Self-sufficient strikers threatened to kill off the professional predator, who is dependent upon service but determined to be in the box whereas a lone forward can be charged with taking on an entire defence single-handed. In an age of multi-dimensional attackers, the specialist goalscorer seemed endangered.


Midfielders and wingers such as Steven Gerrard, Frank Lampard and Cristiano Ronaldo have all infiltrated the scoring charts. Now, as in times of yore, it is dominated by forwards with several – Defoe, Drogba, Darren Bent and Louis Saha among them – shaping up to have their best season for years.

Yet the Tottenham man has been damned with faint praise. One of his former managers used to say: “All moves end with Defoe.”


It was an inference that he created little for others and it has appeared to have influenced selection policies. For much of his first spell at White Hart Lane, Defoe served as the reserve to the more inventive Robbie Keane.

At international level, he was deemed a poor man’s Michael Owen, and was jettisoned from the 2006 World Cup squad so Sven-Goran Eriksson could take the untried Theo Walcott.

He has a single-mindedness that can be at odds with the team ethic, but it is justified when he is his side’s likeliest source of a goal. Increasingly others are appreciating that approach. Fabio Capello prefers Defoe to Owen as the top predator in his England squad; Spurs coach Harry Redknapp has called him England’s best finisher.


It is a view that is gaining support. If a 9-1 win is an obvious anomaly, it nonetheless reflects upon Defoe’s ruthlessness. It is a reason why Tottenham did not settle for a two or three-goal lead when dominating against Wigan.

No strike is superfluous for players whose oxygen is supplied by goals, no finish unnecessary for those who do not measure their contribution by selfless running or retaining possession.


With 11 goals in as many league games, Defoe is striking at the kind of rate players did when 9-1 wins were more commonplace. He is now the top scorer in the Premier League. The throwback is throwing down a gauntlet to the rest of the strikers in the country.



Unsurprisingly, the havoc wreaked by Defoe at White Hart Lane has rather dented Wigan’s defensive record. Roberto Martinez’s side have now conceded the most goals in the Premier League – an unwanted distinction that has belonged to Hull, Blackburn and Burnley in recent weeks.

Meanwhile, Portsmouth, who have propped up the table since it acquired meaning, have a rather more respectable record, shipping only 19 goals. Nine defences have been breached more often, including Liverpool’s. It is the sort of statistic that should offer hope to Paul Hart and Pompey.
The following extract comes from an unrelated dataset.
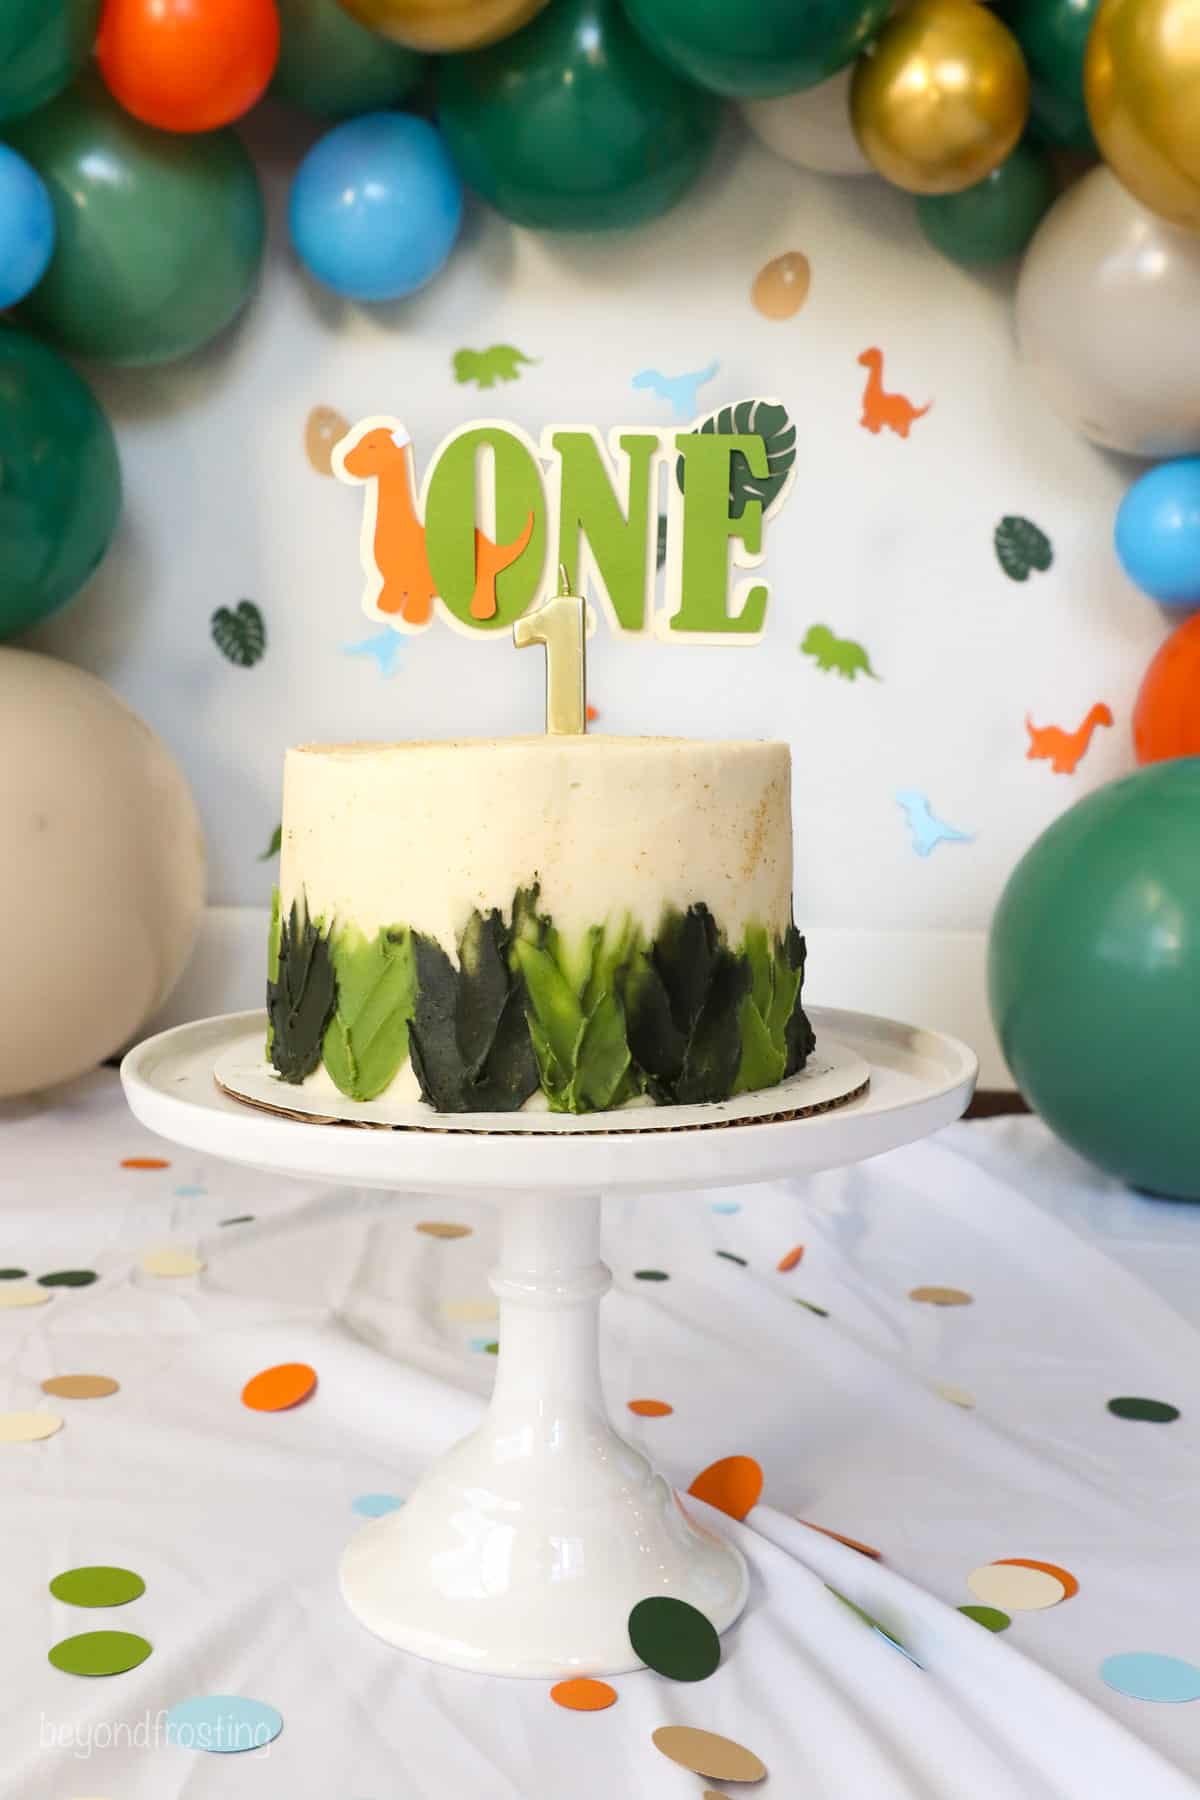 Full shot of a decorated dinosaur cake on a cake stand surrounded by confetti and a birthday hat, framed by a balloon arch in the background.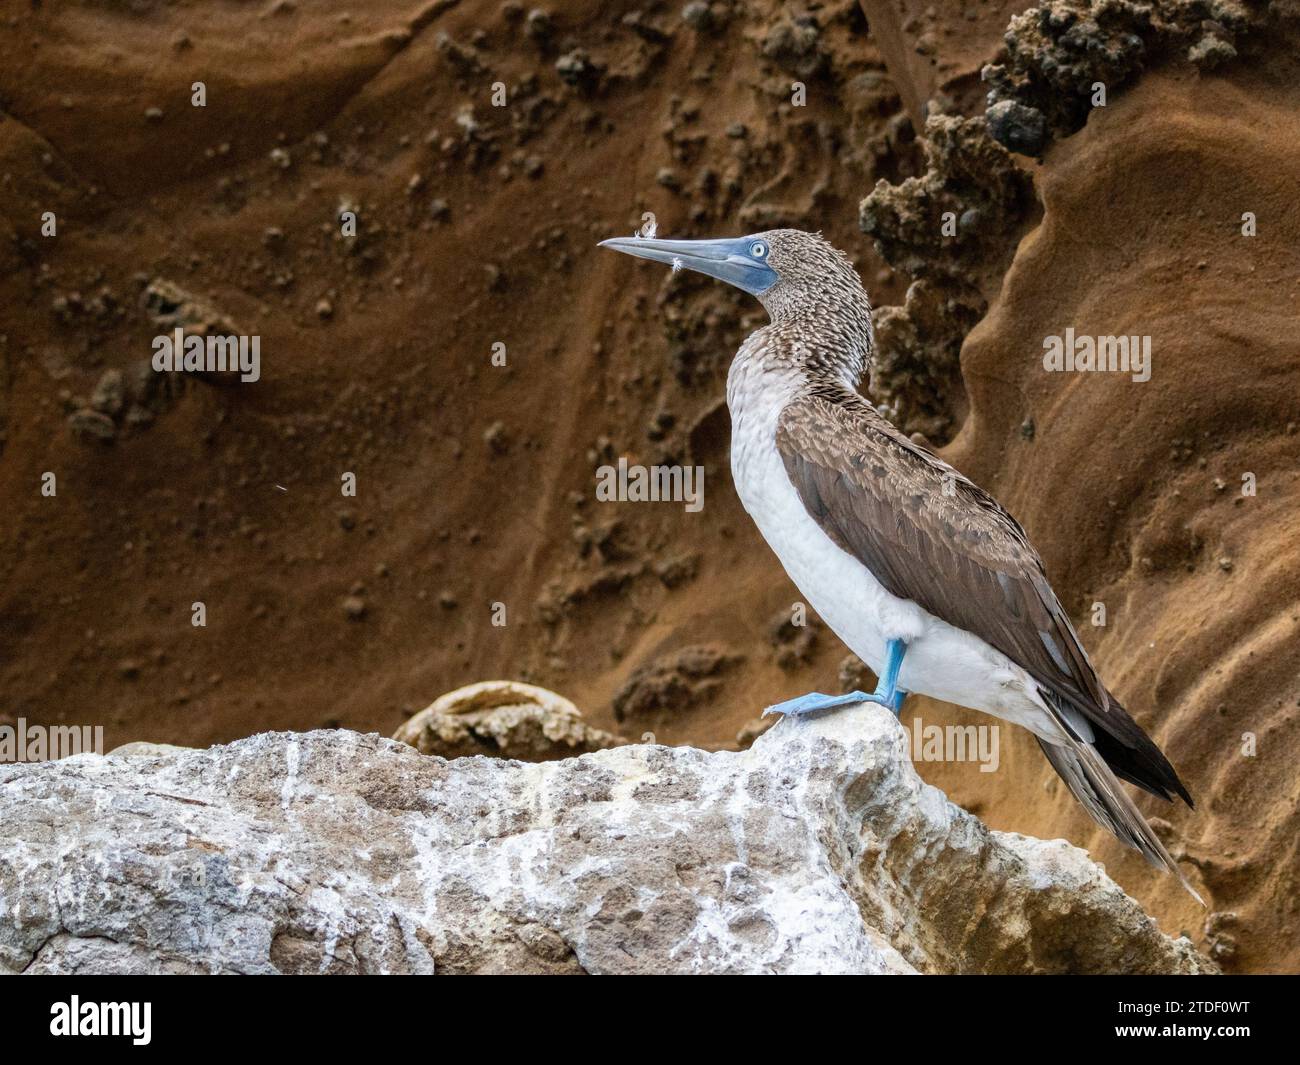 Adult blue-footed booby (Sula nebouxii) on rocky outcropping on Isabela Island, Galapagos Islands, UNESCO World Heritage Site, Ecuador, South America Stock Photo

Achieving infamy without actually being seen is quite an achievement, but then Gael Kakuta has already had an unusual career. The French teenager, whose recruitment from Lens brought Chelsea their transfer ban, made his debut against Wolves as a substitute.

He has a four-month suspension hanging over his head while the Court of Arbitration decide whether to uphold the punishment FIFA gave Chelsea. Amid the feints and flicks, the shimmies and skills, it soon became evident why Chelsea coveted Kakuta.


There are self-serving comments from managers and there are untruths. Then there are Mick McCarthy’s press conferences. The Wolves manager is a refreshing antidote to the attempts at spin of his counterparts elsewhere.

His verdict on his side’s 4-0 defeat at Chelsea? “They absolutely mullered us.” Honesty may not always be the best policy, but it can be the most entertaining one. Sadly for McCarthy, he was absolutely right.


Darren Bent’s outings for England and his two years at Tottenham have suggested a player who was not entirely at ease on the biggest stage. But the Sunderland striker completed a grand slam of sorts on Saturday by scoring against Arsenal.

He had already pierced the defences of Chelsea, Manchester United and Liverpool; as each was the first goal of the game and two have proved the winner, their significance cannot be questioned. Perhaps it is time to anoint Bent a big-game player; perhaps it reflects upon Steve Bruce’s ability to imbue his players with confidence.